With that understood, we implement the parser as a Rust library in the following way.

pub mod parse {
    use nom::{
        branch::alt,
        bytes::complete::tag,
        character::complete::char,
        character::complete::{digit1 as digit, space0 as space},
        combinator::{map, map_res},
        multi::fold_many0,
        sequence::{delimited, pair, preceded},
        IResult,
    };

    use super::ExprSyn;
    use std::str::FromStr;

    type ParseResult<'a, E> = IResult<&'a str, E>;

    fn lit<E: ExprSyn>(i: &str) -> ParseResult<E> {
        map_res(delimited(space, digit, space), |x| {
            FromStr::from_str(x).map(E::lit)
        })(i)
    }

    fn neg<E: ExprSyn>(i: &str) -> ParseResult<E> {
        map(delimited(space, preceded(char('-'), term), space), E::neg)(i)
    }

    fn par<E: ExprSyn>(i: &str) -> ParseResult<E> {
        delimited(space, delimited(tag("("), expr, tag(")")), space)(i)
    }

    fn term<E: ExprSyn>(i: &str) -> ParseResult<E> {
        alt((lit, neg, par))(i)
    }

    pub fn expr<E: ExprSyn>(i: &str) -> ParseResult<E> {
        let (i, init) = term(i)?;
        fold_many0(pair(char('+'), term), init, |acc, (_, val): (char, E)| {
            E::add(acc, val)
        })(i)
    }
}

To wire that up to C++ we need express a CXX “bridge”.

use cxx::SharedPtr;

#[cxx::bridge]
pub mod ffi {
    unsafe extern "C++" {
        include!("arith_final_tagless/include/cpp_repr.hpp");
        type Cpp_repr;

        fn lit(i: i64) -> SharedPtr<Cpp_repr>;
        fn neg(e: SharedPtr<Cpp_repr>) -> SharedPtr<Cpp_repr>;
        fn add(l: SharedPtr<Cpp_repr>, r: SharedPtr<Cpp_repr>) -> SharedPtr<Cpp_repr>;
    }

    extern "Rust" {
        fn parse(s: String) -> Result<SharedPtr<Cpp_repr>>;
    }
}

The header file cpp_repr.hpp referenced by the bridge contains these prototypes.

#pragma once

#include <memory>
#include <cstdint>

struct Cpp_repr {
  int64_t expr;
};

using cpp_repr_t = std::shared_ptr<Cpp_repr>;

cpp_repr_t lit(int64_t i);
cpp_repr_t neg(cpp_repr_t t);
cpp_repr_t add(cpp_repr_t t, cpp_repr_t u);

The existence of that header is enough to finish off the Rust library.

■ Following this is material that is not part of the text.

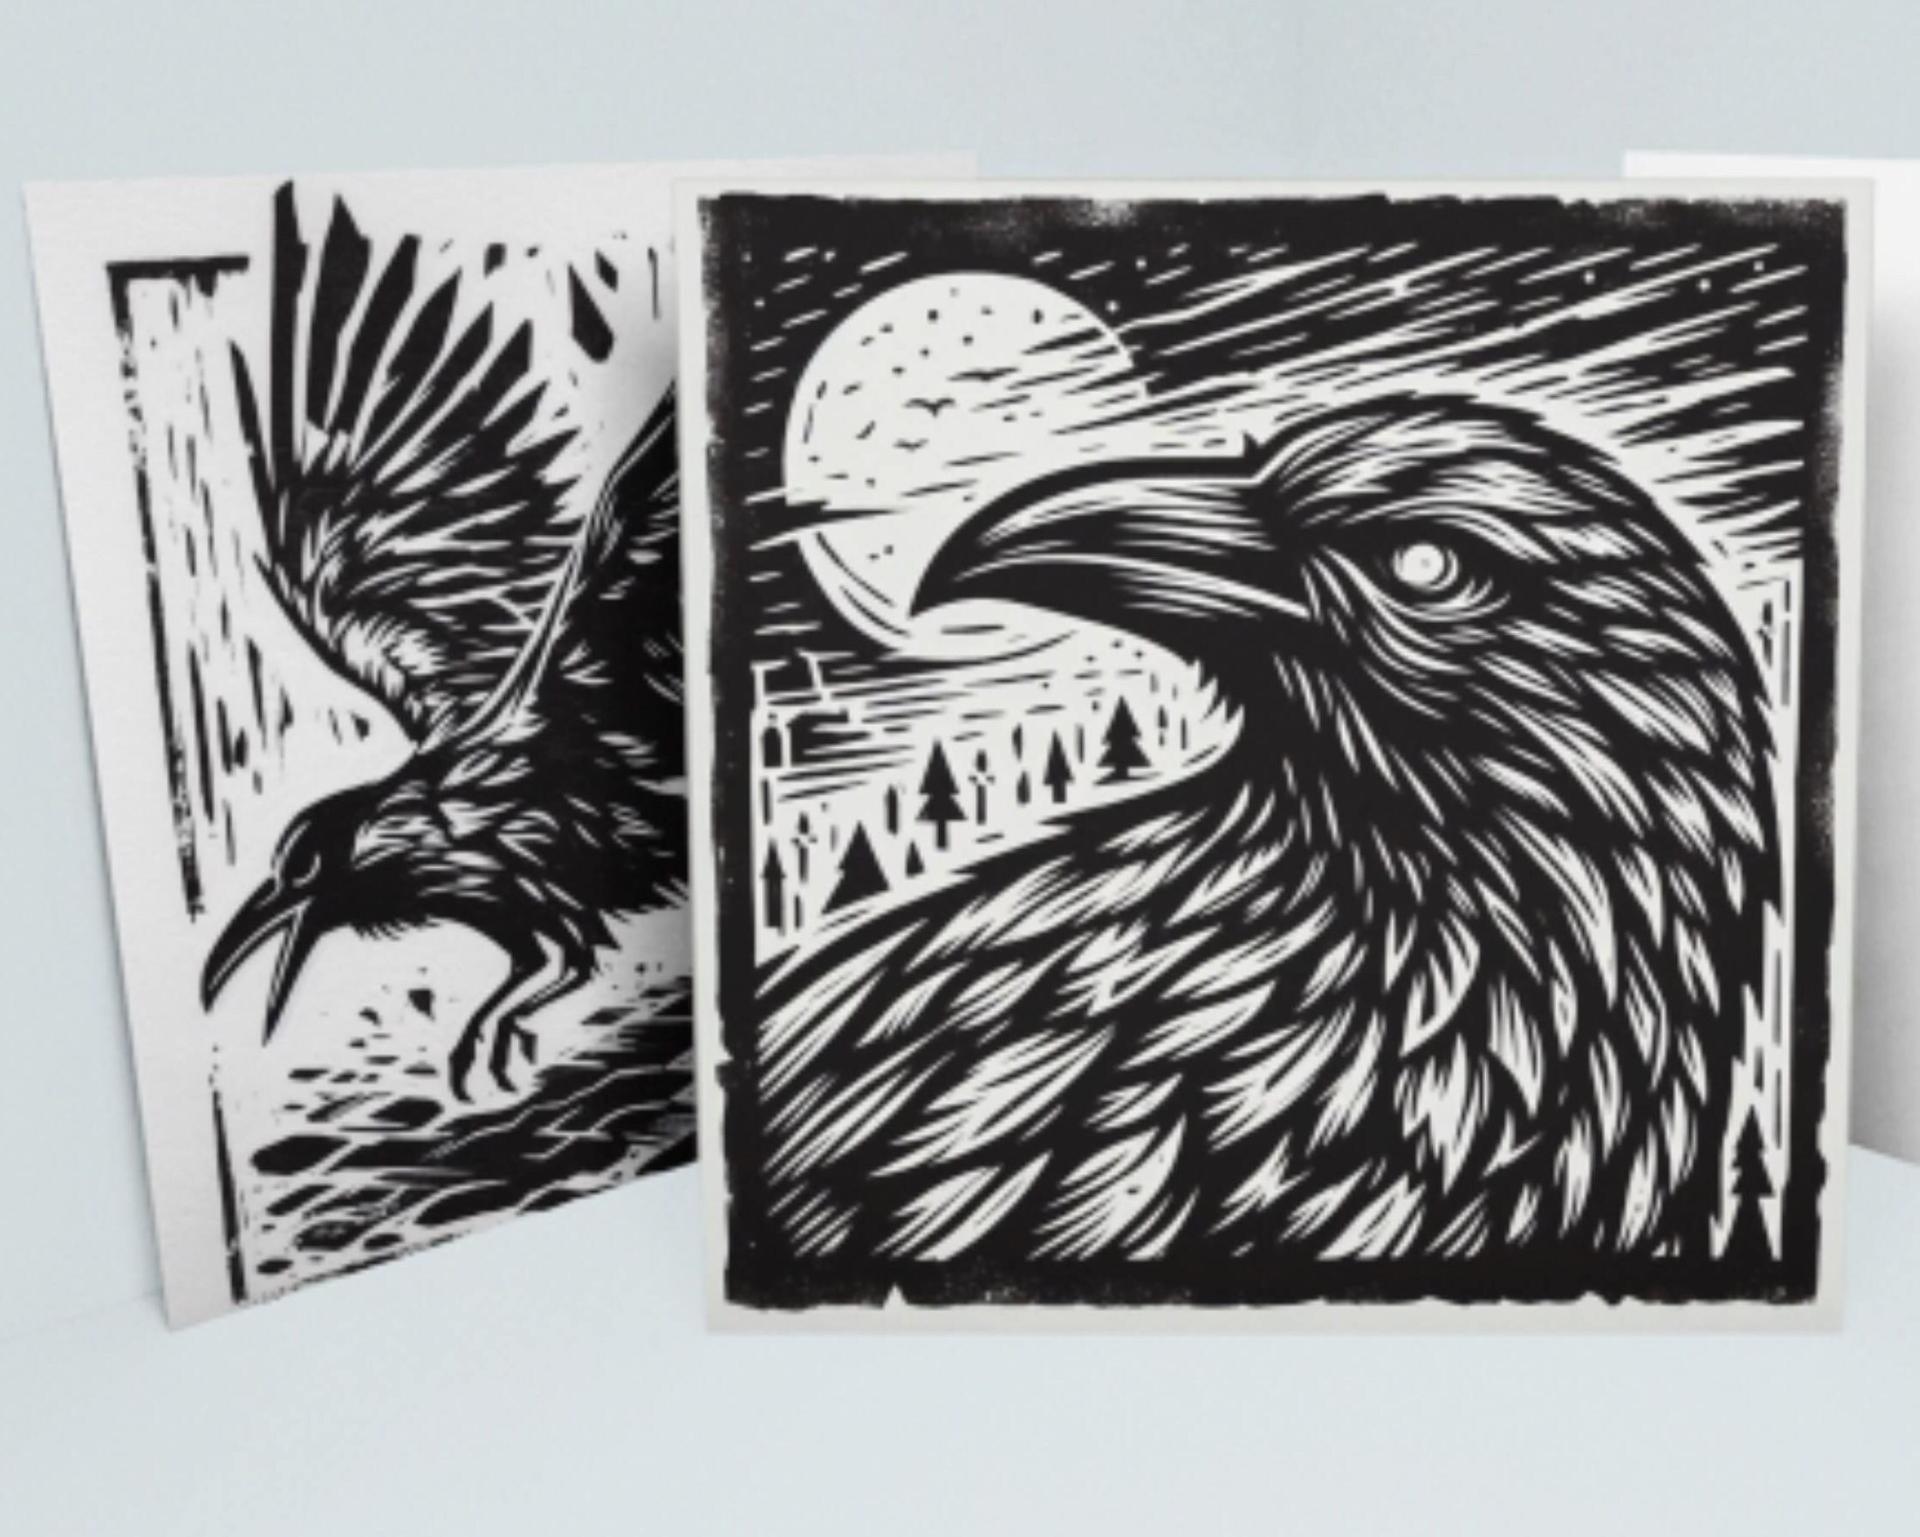 Set of 5 Cards - Ravens - Greeting Cards, Bulk Pack of Cards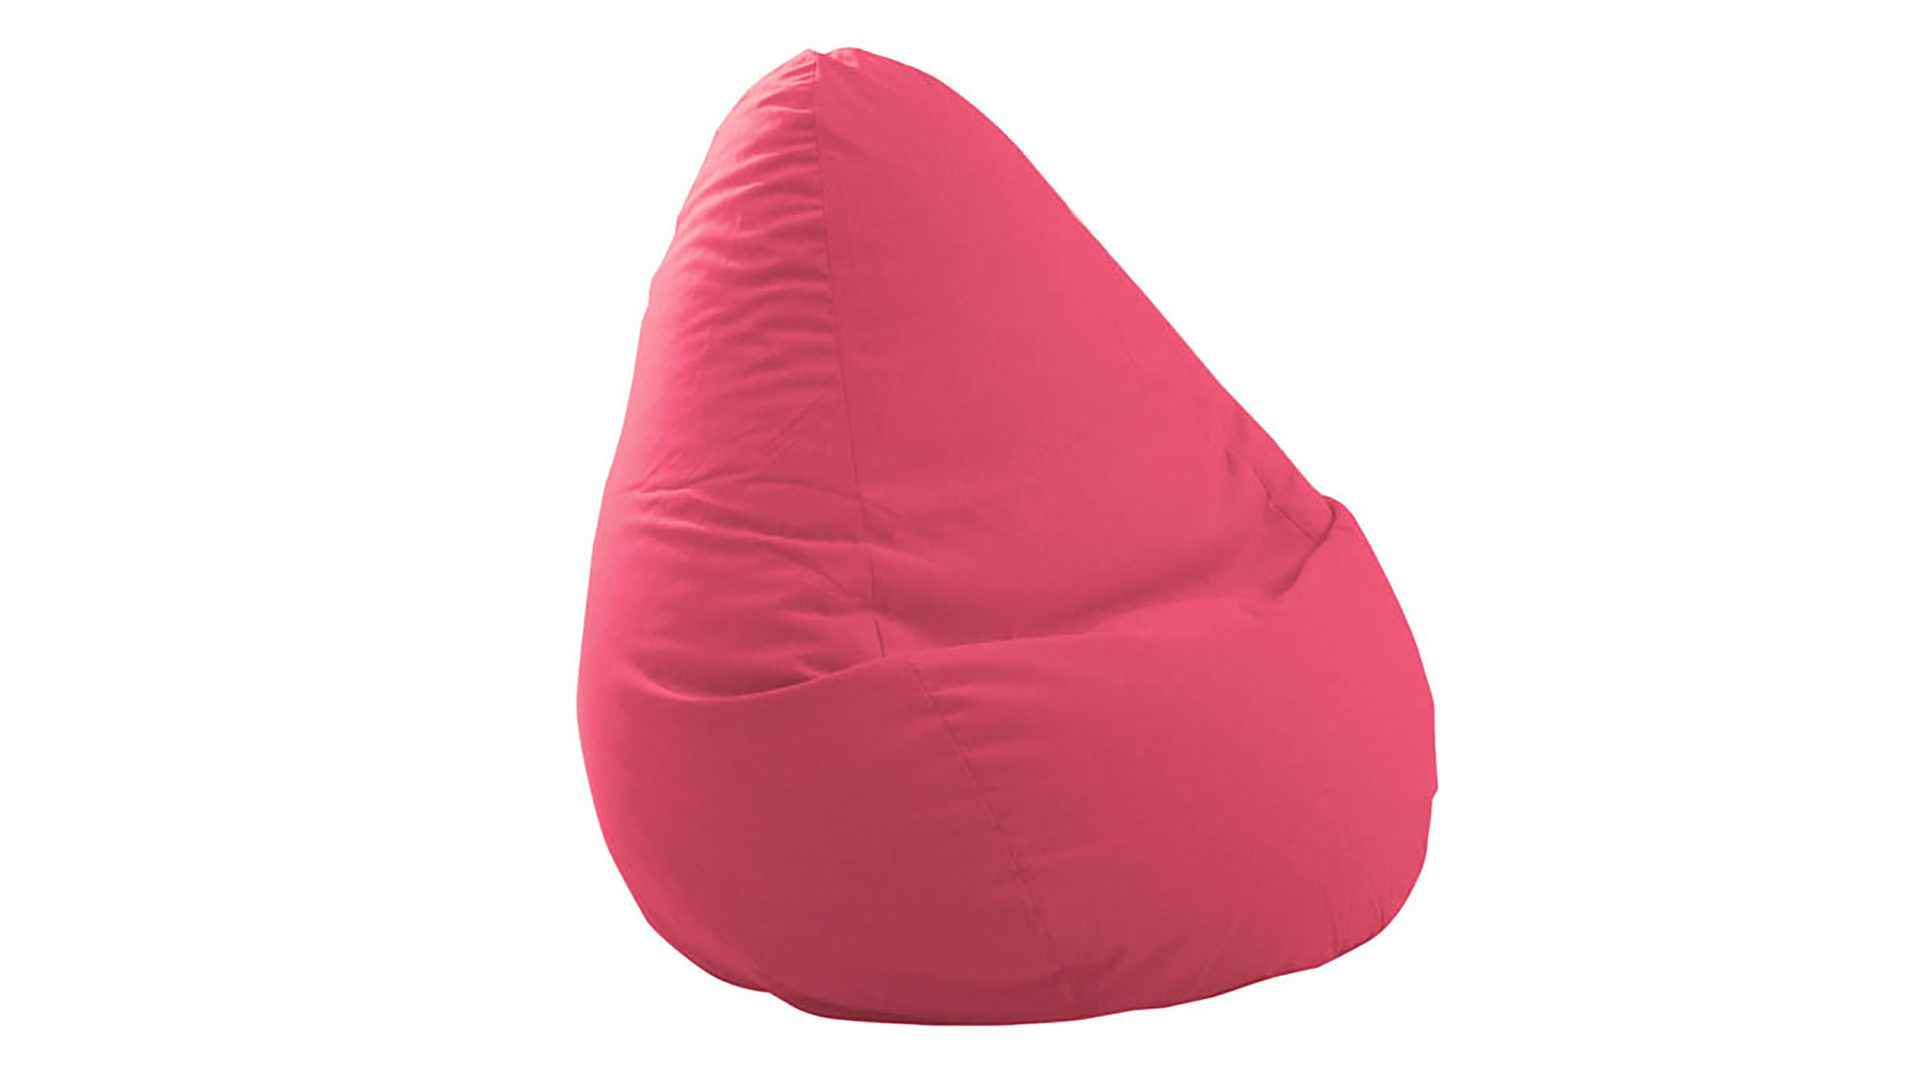 Standard-Sitzsack Magma sitting point aus Stoff in Pink SITTING POINT Sitzsack Easy XL - Sitzmöbel pinker Mikrofaserbezug - ca. 220 Liter

#[allow(non_camel_case_types)]
pub type CppRepr_t = SharedPtr<ffi::Cpp_repr>;

impl ExprSyn for CppRepr_t {
    fn lit(i: i64) -> CppRepr_t {
        ffi::lit(i)
    }
    fn neg(t: CppRepr_t) -> CppRepr_t {
        ffi::neg(t)
    }
    fn add(t1: CppRepr_t, t2: CppRepr_t) -> CppRepr_t {
        ffi::add(t1, t2)
    }
}

pub fn parse(s: String) -> Result<CppRepr_t, String> {
    match parse::expr::<CppRepr_t>(s.as_str()) {
        Ok((_s, rep)) => Ok(rep),
        Err(e) => Err(format!("{}", e)),
    }
}

Evaluator

We put the C++ part of the implementation in cpp_repr.cpp in a separate library.

#include <iostream>

#include "arith_final_tagless/include/cpp_repr.hpp"

cpp_repr_t lit(int64_t i) {
  return std::shared_ptr<Cpp_repr>{new Cpp_repr{i}};
}

cpp_repr_t neg(cpp_repr_t t) {
  return std::shared_ptr<Cpp_repr>{new Cpp_repr{-t->expr}};
}

cpp_repr_t add(cpp_repr_t t, cpp_repr_t u) {
  return std::shared_ptr<Cpp_repr>{new Cpp_repr{t->expr + u->expr}};
}

Interpreter

The REPL in main.cpp brings the Rust and C++ libraries together into an executable.

#include <iostream>

#include "rust/cxx.h" // 'rust::Error'
#include "arith_final_tagless/src/arith_final_tagless.rs.h" // 'parse'

int main() {
  char const* prompt = "\n% ";
  std::cout << "Additive expression evalutator (type CTRL+D to exit)" << prompt;

  std::string line;
  while(std::getline(std::cin, line)) {
    try {
      if (auto p = parse(rust::String{line})) {
        std::cout << line << " = " << p->expr << prompt;
      }
    } catch (rust::Error const& e) {
      std::cerr << e.what() << prompt;
    }
  }

  return 0;
}

That’s it! If this is interesting to you and you’d like to go deeper into the technical details like, how to write the build scripts and so on for a program like this, the source is online here.